Across the whole listing, return each line exactly, with no images included.

→ RECORDED INFORMATION:
= Beginning of Section =

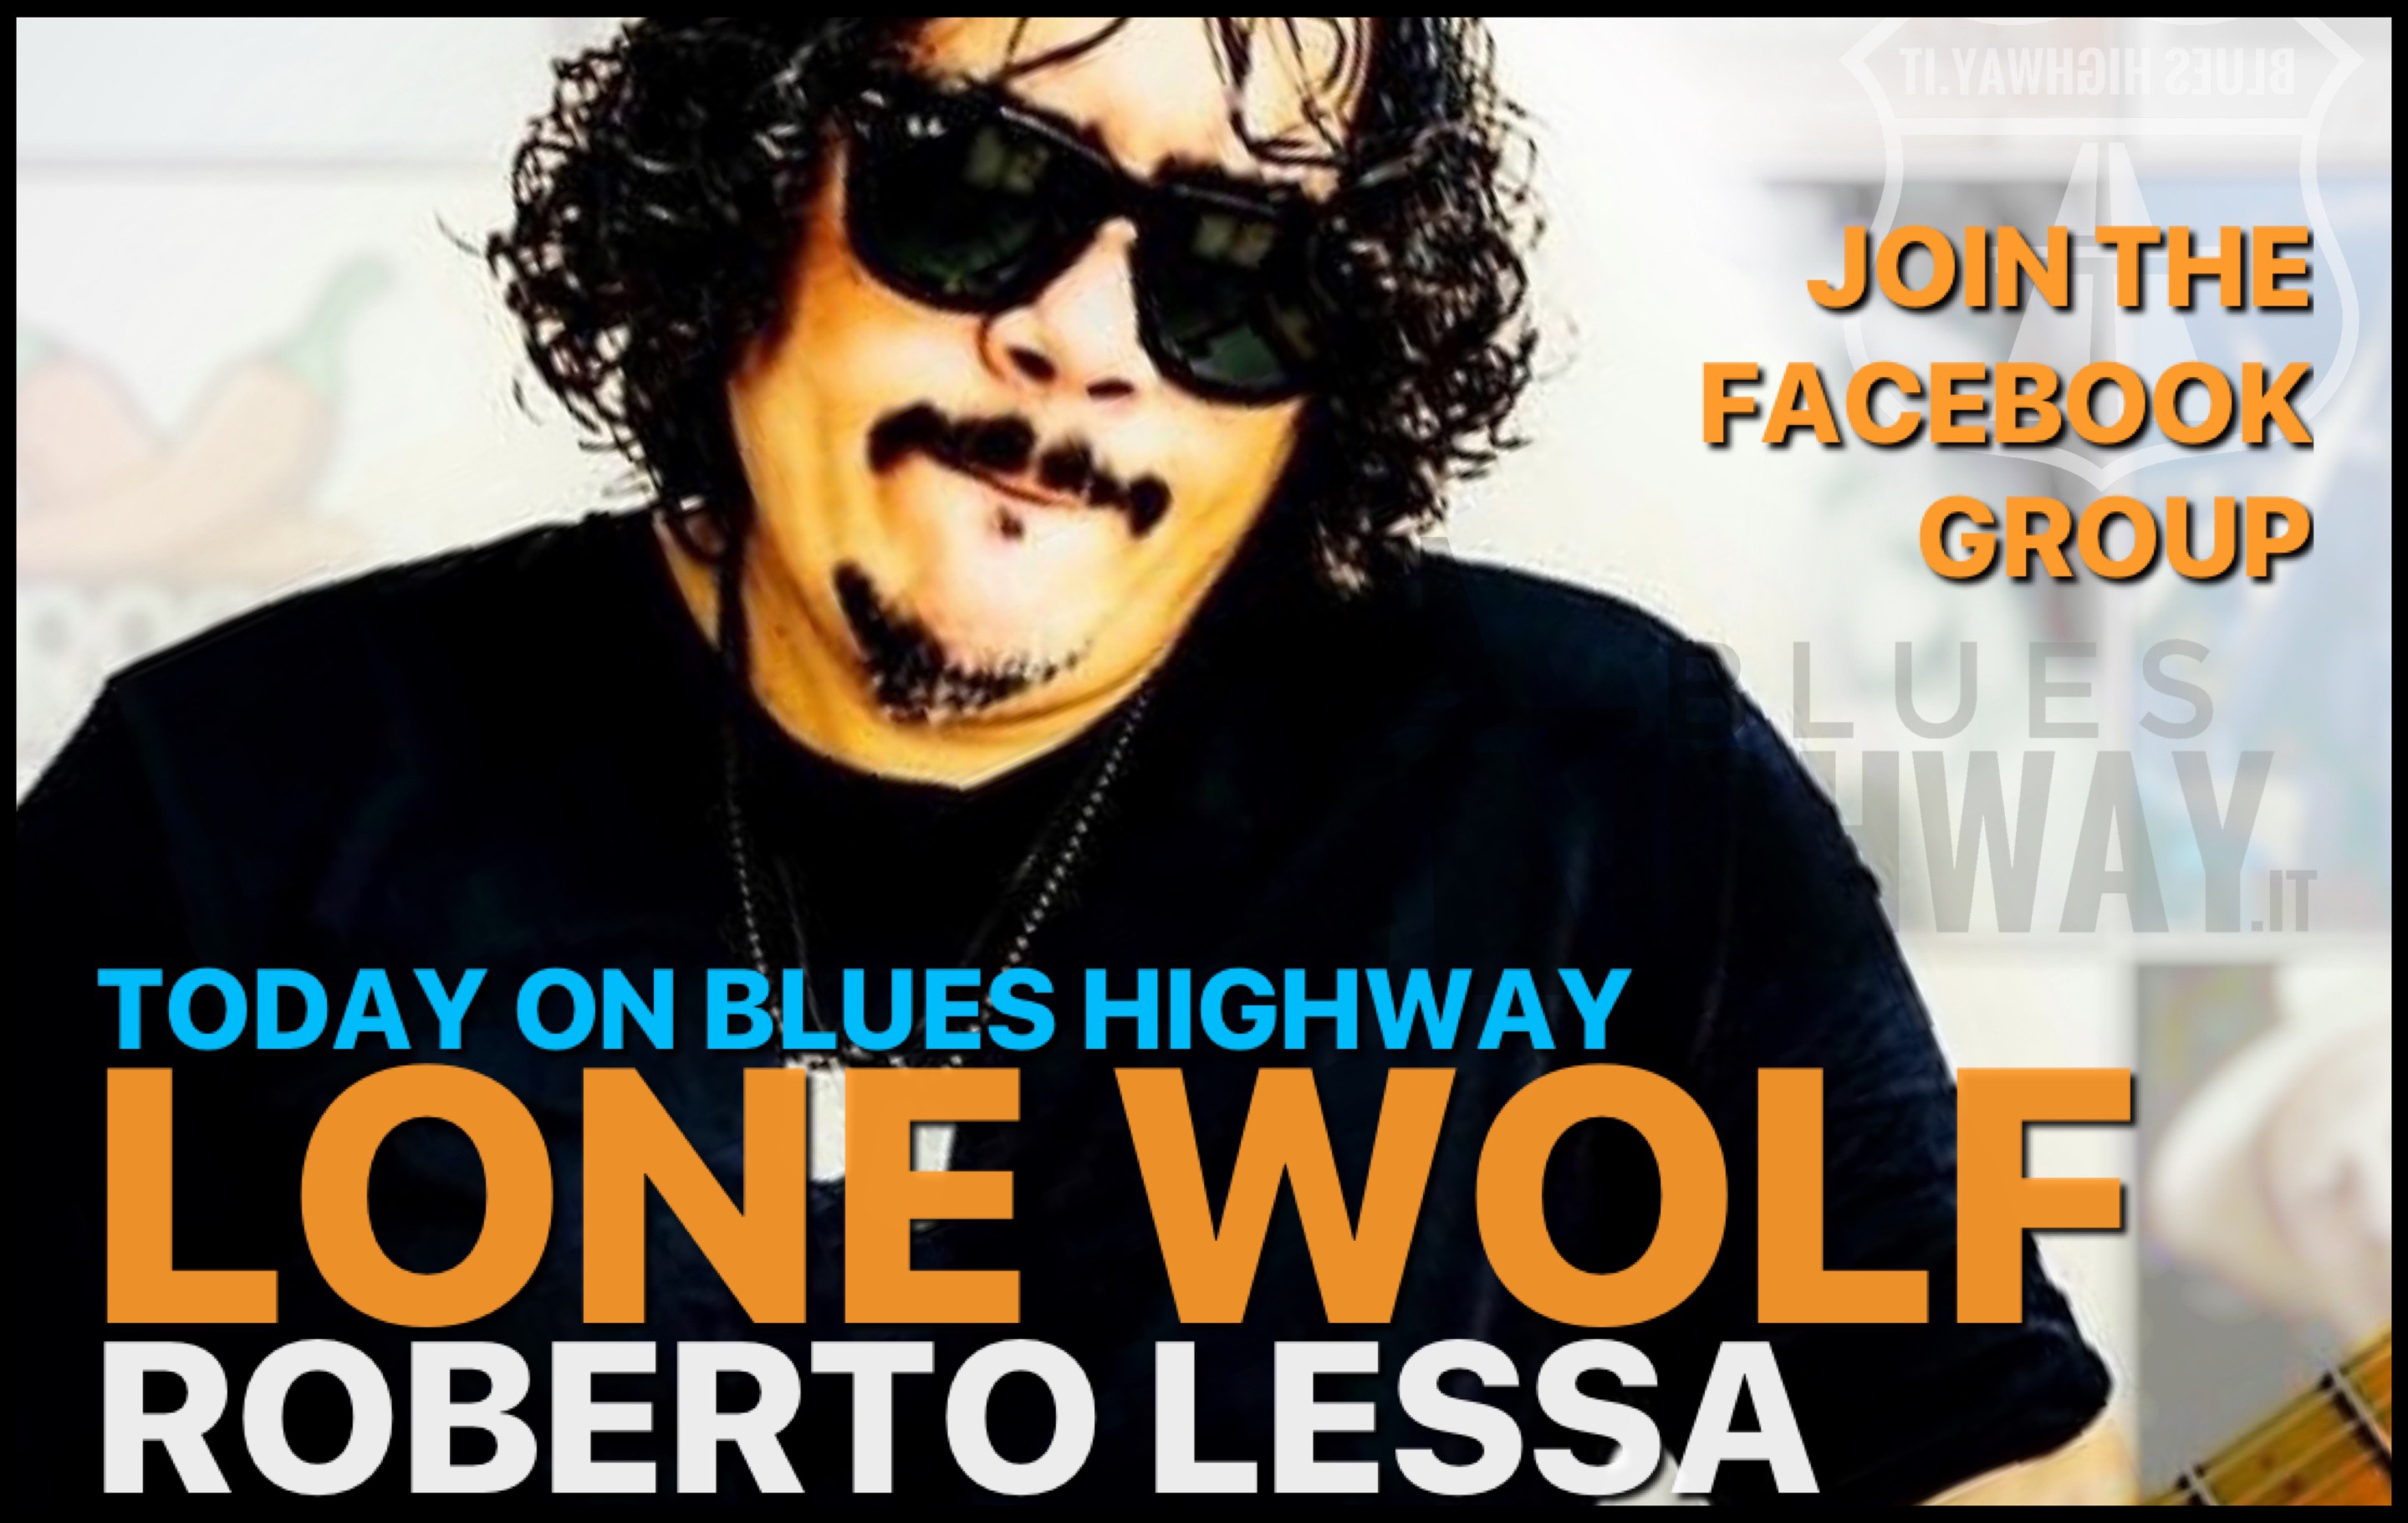 TODAY ON BLUES HIGHWAY - ROBERTO LESSA - "LONE WOLF"
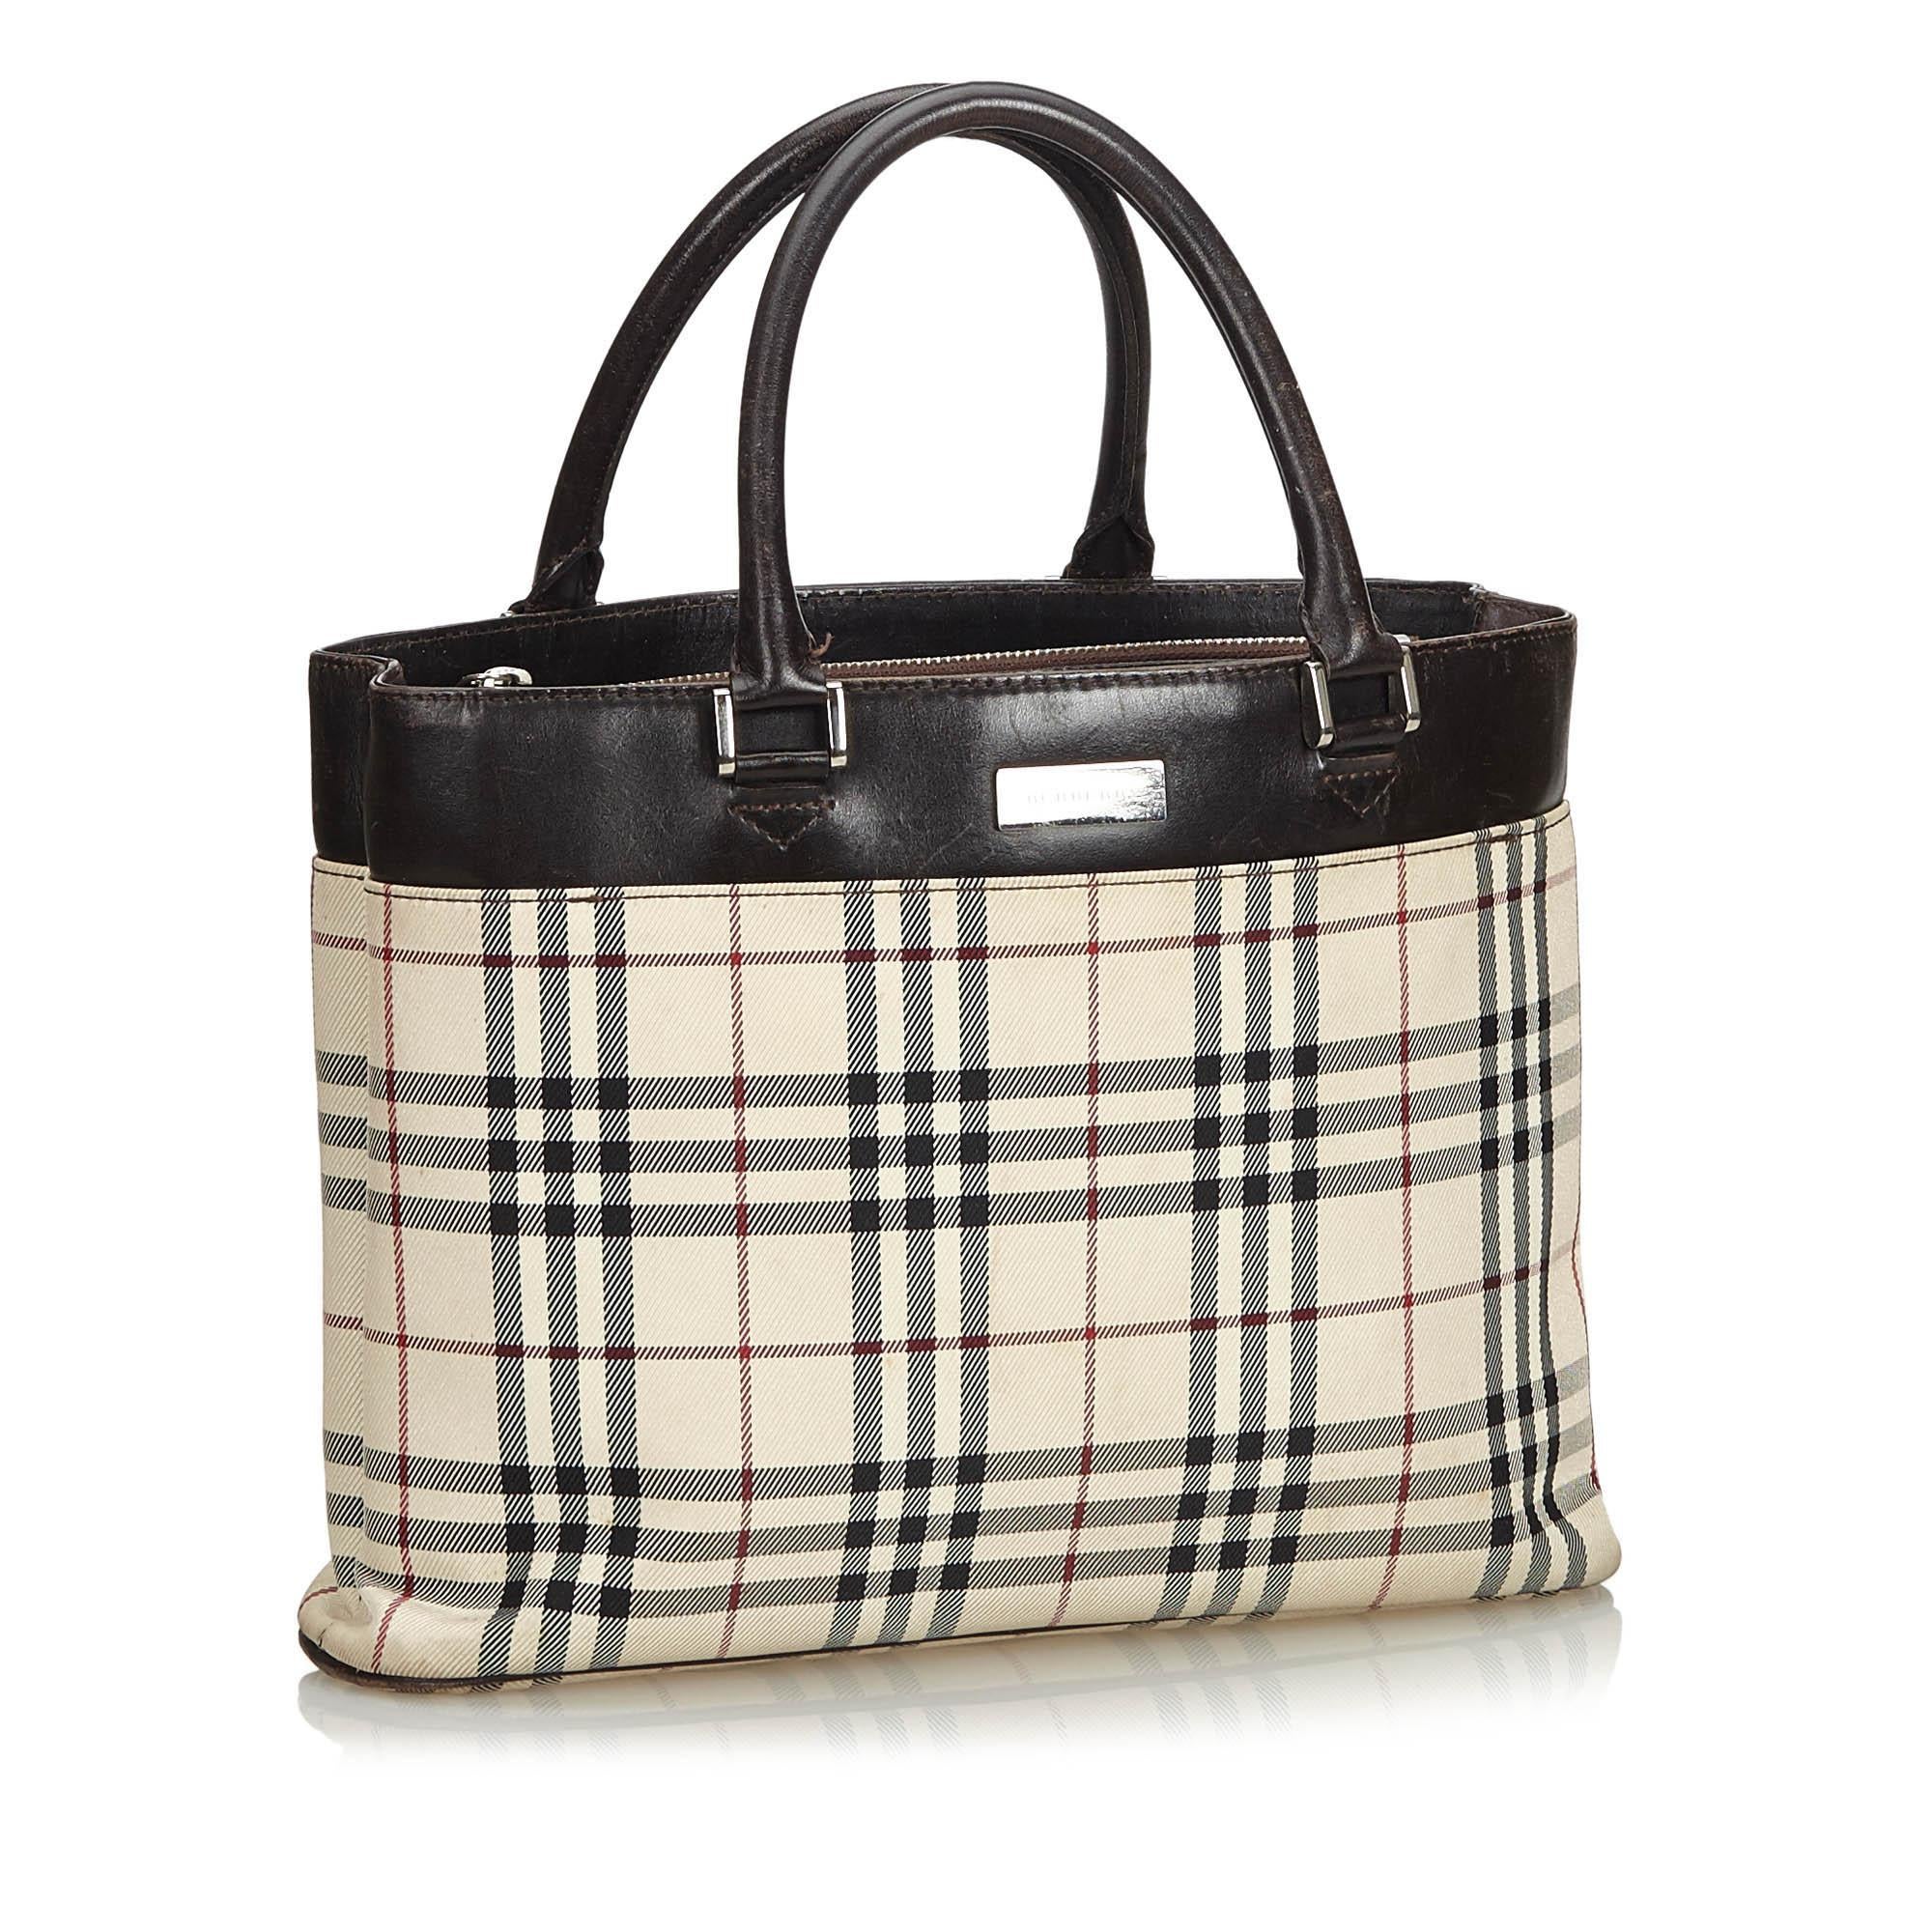 This tote features a coated canvas body with leather trim, rolled leather handles, open top and interior zip compartment and interior slip pocket. It carries as B condition rating.

Inclusions: 
This item does not come with

= End of Section =

→ COMPLETED TASK:
 TODAY ON BLUES HIGHWAY - ROBERTO LESSA - "LONE WOLF"
 This tote features a coated canvas body with leather trim, rolled leather handles, open top and interior zip compartment and interior slip pocket. It carries as B condition rating.

Inclusions: 
This item does not come with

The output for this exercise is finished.